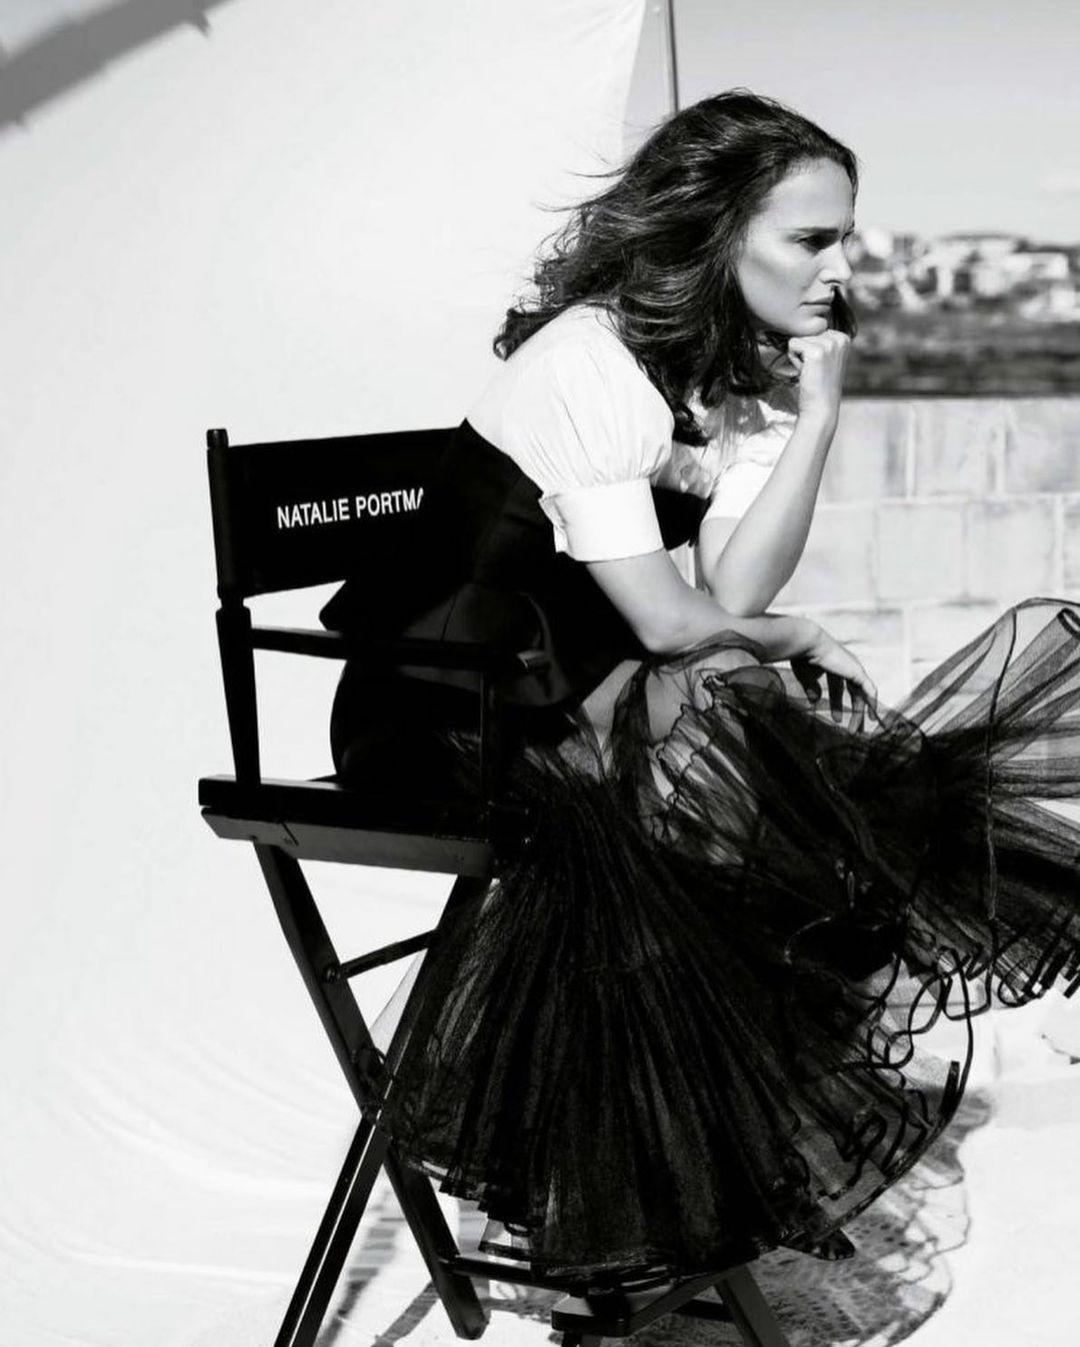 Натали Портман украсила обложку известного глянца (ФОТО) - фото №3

==============================

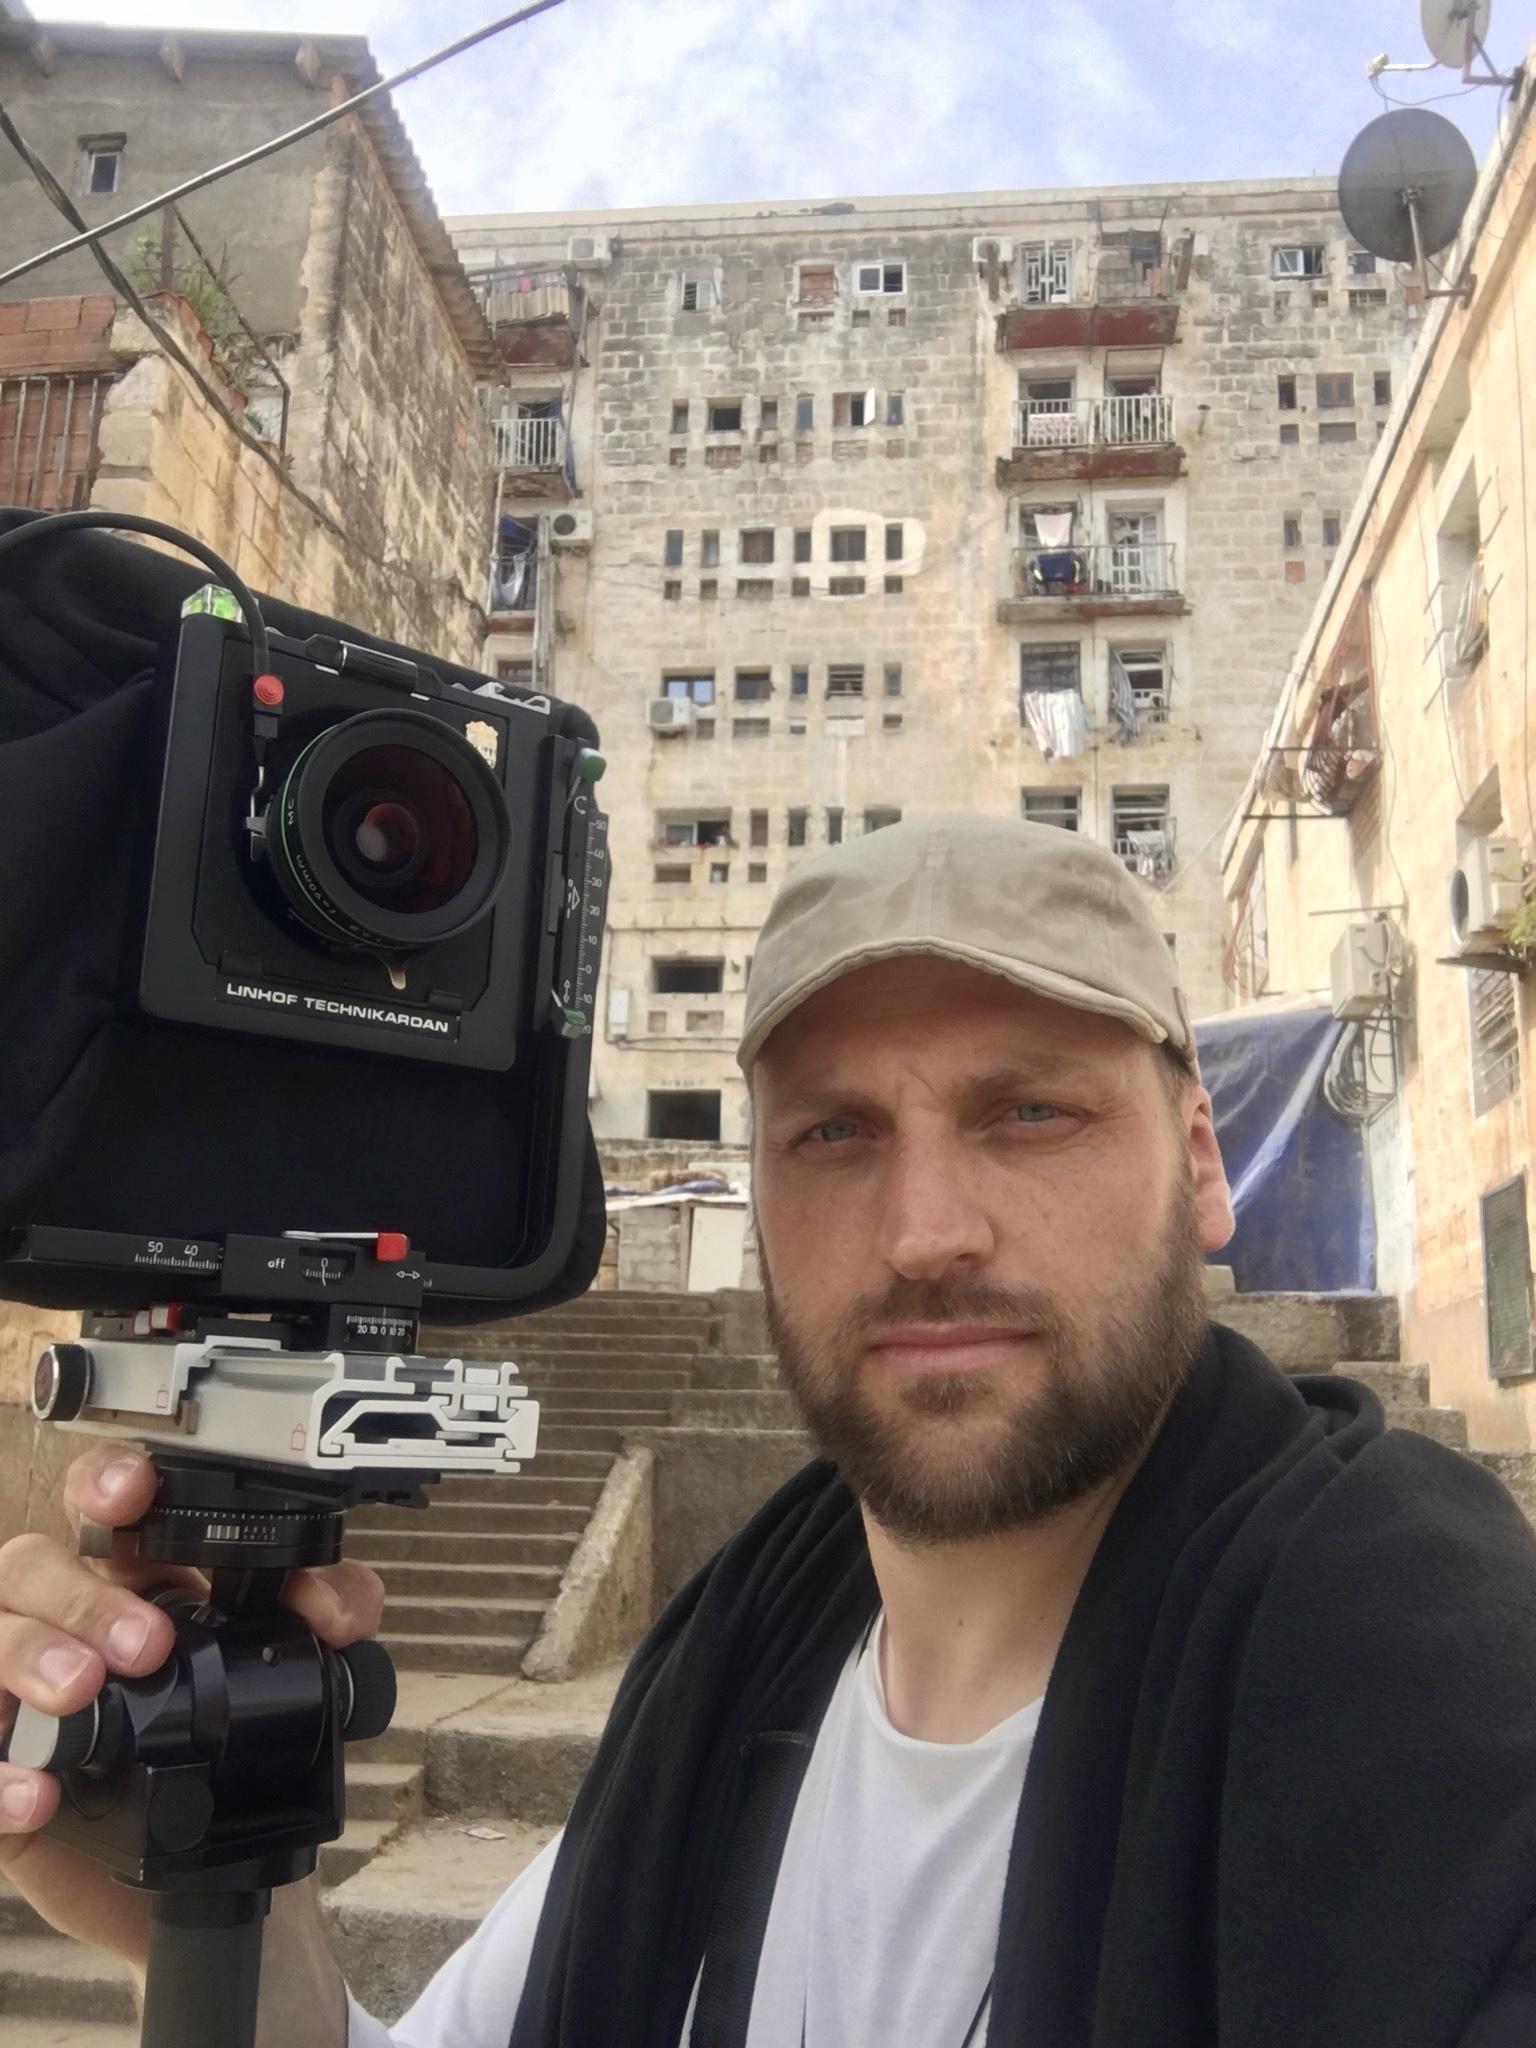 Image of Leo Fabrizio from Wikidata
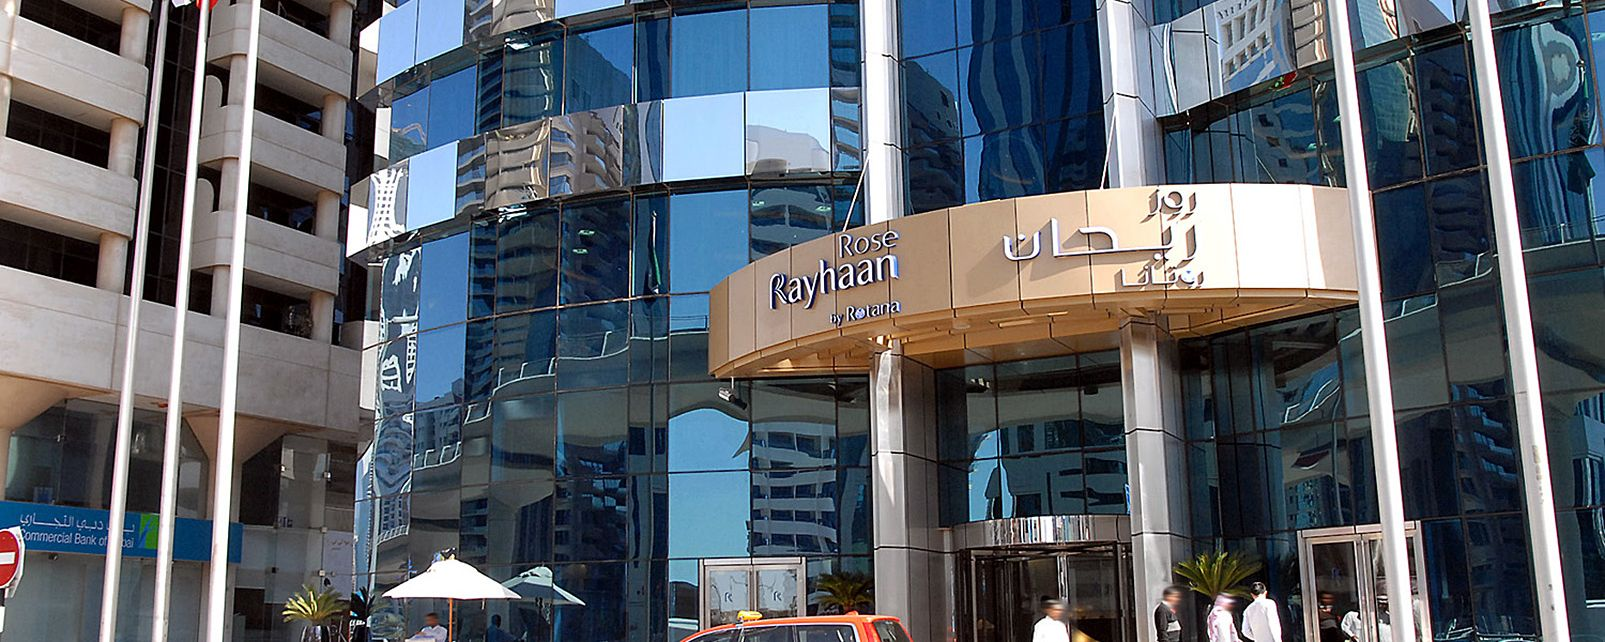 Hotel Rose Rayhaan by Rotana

==============================

Action item –
Above are records with pictures. Reproduce exactly only the lines from the line with "Image of Leo Fabrizio from Wikidata" through the line with "Hotel Rose Rayhaan by Rotana", both ends included, and leave the pictures out.

Output for this task –
 Image of Leo Fabrizio from Wikidata
 Hotel Rose Rayhaan by Rotana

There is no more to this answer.